Obasanjo then swung into action to hit the rubbles into finer dusts and expelled student’ leaders from various universities, removed Professors and lecturers that were sympathetic to the students’ cause.  Segun Okeowo, National President (NUNS), Ekpin Appah, President (UNIBEN), Offiong Agua, President (UNICAL), Bukar Mbaha – President (ABU), all were expelled. Ebenezer Babatope, the Welfare Officer at University of Lagos was also sacked. Lecturers were not spared as well even as Comrades Edwin Madunagu of UNICAL and Ola Oni among others were sacked. Vice-Chancellors were also axed and these included Professor J. Ade Ajayi, Vice Chancellor, UNILAG, and Professor Iya Abubakar – Vice Chancellor, ABU.

It was always said that when two elephants fight, it is the grass that suffers. Whenever there is problem in the education sector, who suffers? The students. Always. In 1978, students were agitating for better educational system. I remember in my school days when the lecturers would tell us, ‘don’t just pass through the school, let the school pass through you’. How will this happen? It is not just by sitting down to attend lectures and at the end of the semester, write an exam. What about all those things needed to make students formally educated and not ‘educated illiterates’?

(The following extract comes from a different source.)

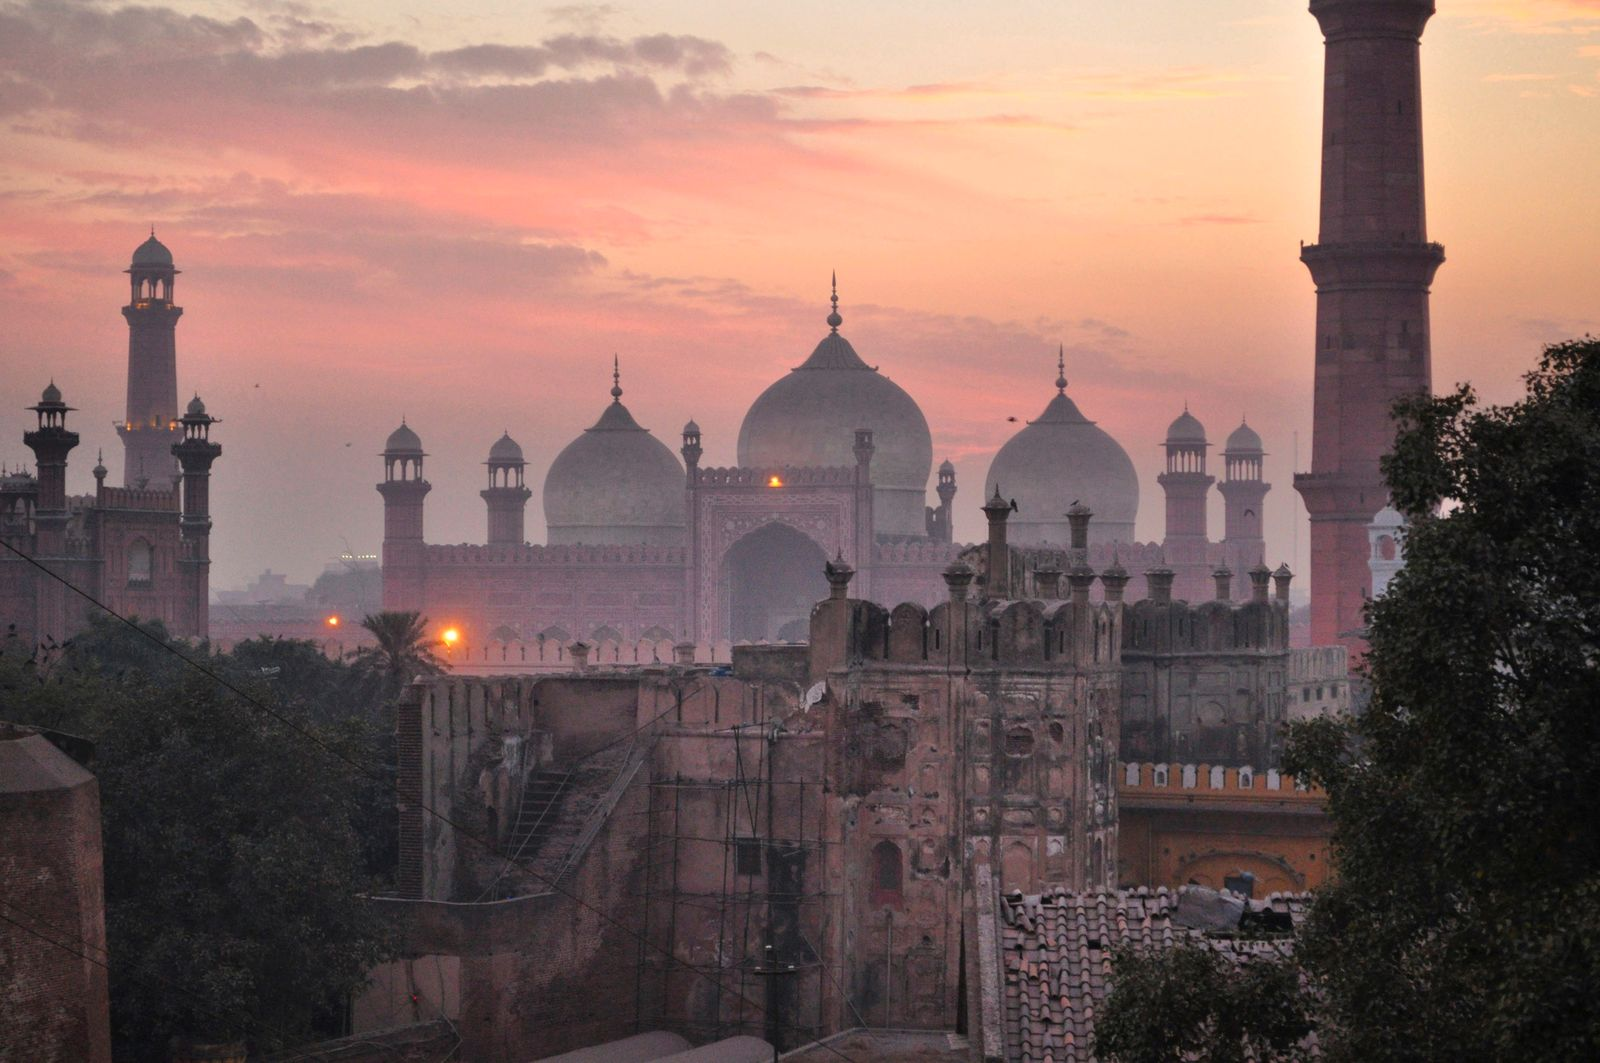 Badshahi Mosque Against Sky During Sunset

I used to hear that in those days, things were not like these. Cafeterias no longer exist on campuses. Then, we used to hear that breakfast of 20 kobo consists of one’s choice of bread, toasted or not, all kinds of eggs, pancakes, all kinds of cereals, oats, choice of coffee or tea, and fruits. Lunch and dinner had a choice of every Nigerian food (eba, amala, pounded yam, rice and beans, rice and plantain), with a choice of stew, peppered or pepper-less vegetable, okro, ogbono rich with crayfish, ewedu, gbegiri, etc and then one had a choice of desserts in ice cream, jelly and cakes). On Sunday lunch time, there is additional choice of jollof or fried rice with half a chicken.  All halls of residence had their own cafeterias. It felt like a fairy tale, yet I learnt it was the way things were in the Nigerian university system. What about the exchange programmes with students from other countries? Yes, it does exist but only in privately owned universities, no longer in government owned institutions.

When I think of students’ union these days and how the whole system has been affected by the present political dispensation, I feel like throwing up. Leaders of students no longer care about the welfare of the students. Look at the way Segun Okeowo mobilised the whole country during a military regime, though he paid a price. His name as a student union leader was forever written with a golden pen. Well, it is the system students found themselves now.